3- Ils n’ont pas honte : Le verbe est au Htd/Hithpael, qui est la marque d’une action réflexive ou réciproque : la réciprocité est évidente, mais on peut tout aussi bien envisager une réflexivité engendrée par la réciprocité.

Conclusion

Comme on a pu le voir, ma traduction met en valeur certains points particuliers. Ainsi, j’insiste sur la participation de la création, à travers les différents protagonistes que sont les éléments, l’humain, les animaux et la femme, à son propre devenir. Ce sont les formes verbales au H/Hiphil, qui permettent cette participation, dont la nuance est encore trop souvent négligée. Toutes ces formes existent au G/Qal, preuve qu’il s’agit d’un choix délibéré du rédacteur, destiné à faire ressortir le potentiel de réponses et de participation déjà à l’œuvre dès que Dieu propose. La persuasion de Dieu trouve une réponse dans une action qu’il est dommage de réduire, d’autant que cette interaction traduit profondément la pensée juive pour qui la relation entre Dieu et le monde est une donnée essentielle.

J’ai également voulu faire ressortir la nuance qu’il me semble essentiel de conserver entre « humain » et « homme ». Conserver cette distinction permet de nourrir la réflexion sur l’évolution de l’humanité vers une complexité croissante, qui la rend à la fois semblable à l’animal (ils sont tous deux issus de la terre), et cependant, dès le départ, fondamentalement différente (seul l’humain est insufflé du souffle de Dieu).

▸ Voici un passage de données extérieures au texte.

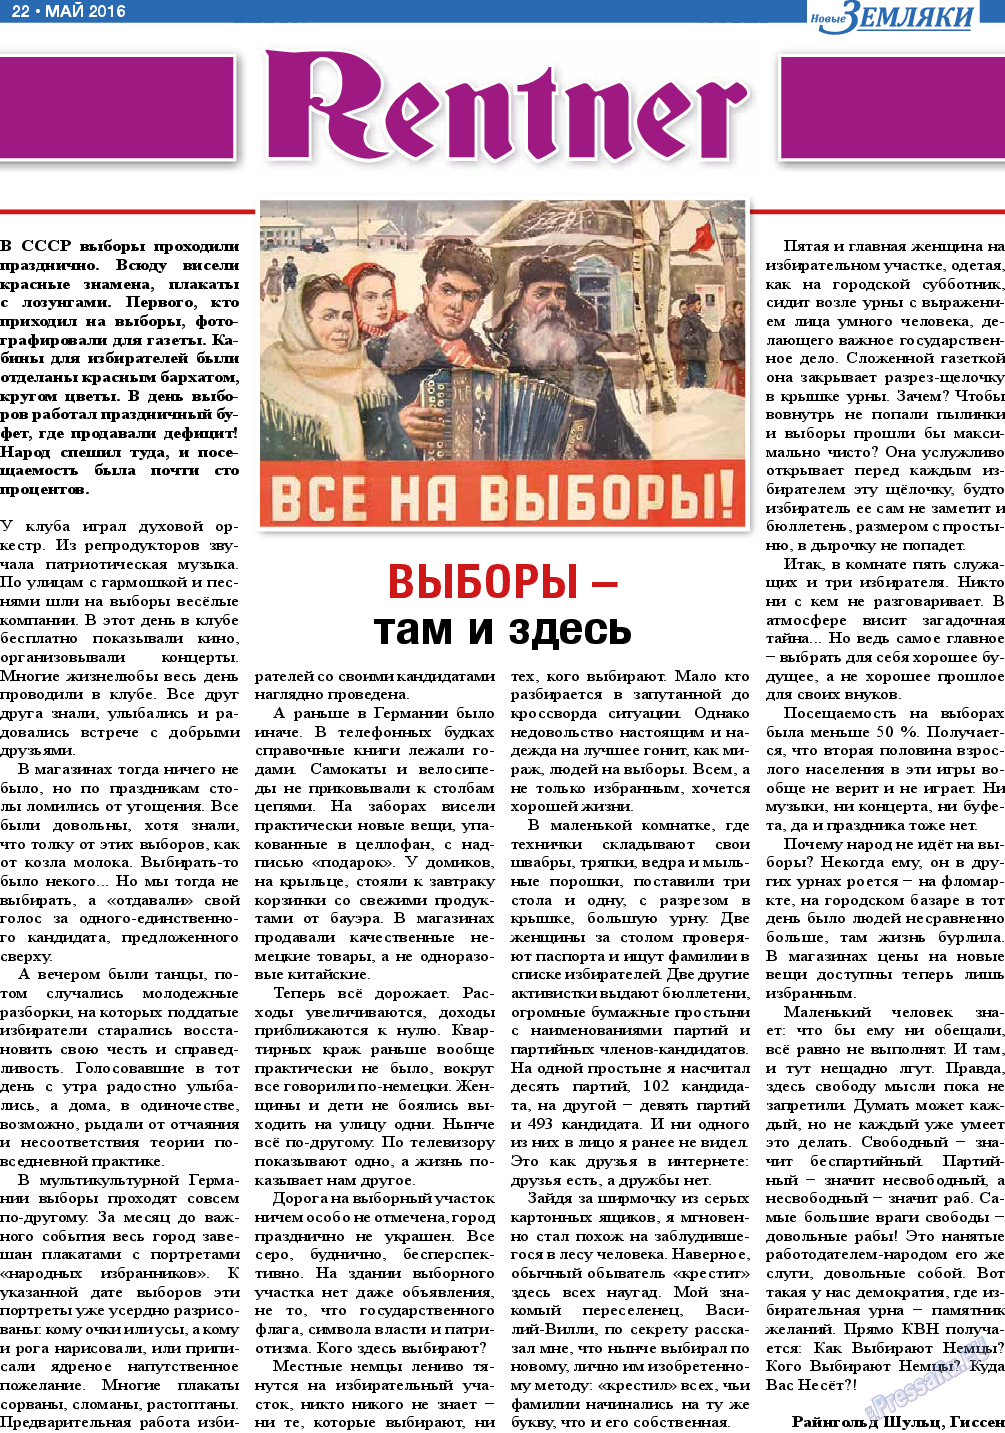 Новые Земляки, газета. 2016 №5 стр.22

Enfin, je propose une traduction à l’encontre de toute la tradition, en choisissant de faire parler le narrateur, là où, de tout temps, il est admis que ce soit l’humain qui parle. Cette hypothèse ouvre à d’autres possibles, dont on verra, au chapitre 3, quelles peuvent en être les incidences. Il faut cependant savoir qu’il m’aurait été impossible d’oser proposer une nouvelle hypothèse de lecture de ce récit plusieurs fois millénaire sans l’apport de l’analyse syntaxique. Cette grille oblige le lecteur à serrer de près le texte.

C’est de cette lecture rapprochée que peut émerger de nouveaux sens toujours à reconsidérer. L’analyse systématique du vocabulaire et de la syntaxe du texte biblique offre au lecteur qui s’y aventure une source incroyable de finesse, surtout dans une langue comme l’hébreu, qui joue sur les différents niveaux de sens de chaque mot. Ouaknin rappelle à ce sujet que, pour

les hassidim, chaque homme est une lettre ou une partie de lettre. Le livre est terminé quand il ne manque plus aucune lettre. Chacun doit écrire la sienne, s’écrire lui-même pour créer le livre et en renouveler le sens. Cela implique que le lecteur sorte de sa passivité, en croyant qu’il n’a qu’à « absorber » le sens et n’a aucune part à son élaboration (Ouaknin

p. 86). C’est donc à partir de cette traduction, pour prendre à mon tour part à l’écriture du livre, que le commentaire processuel, tel qu’il est développé dans les trois chapitres suivants, s’est déployé.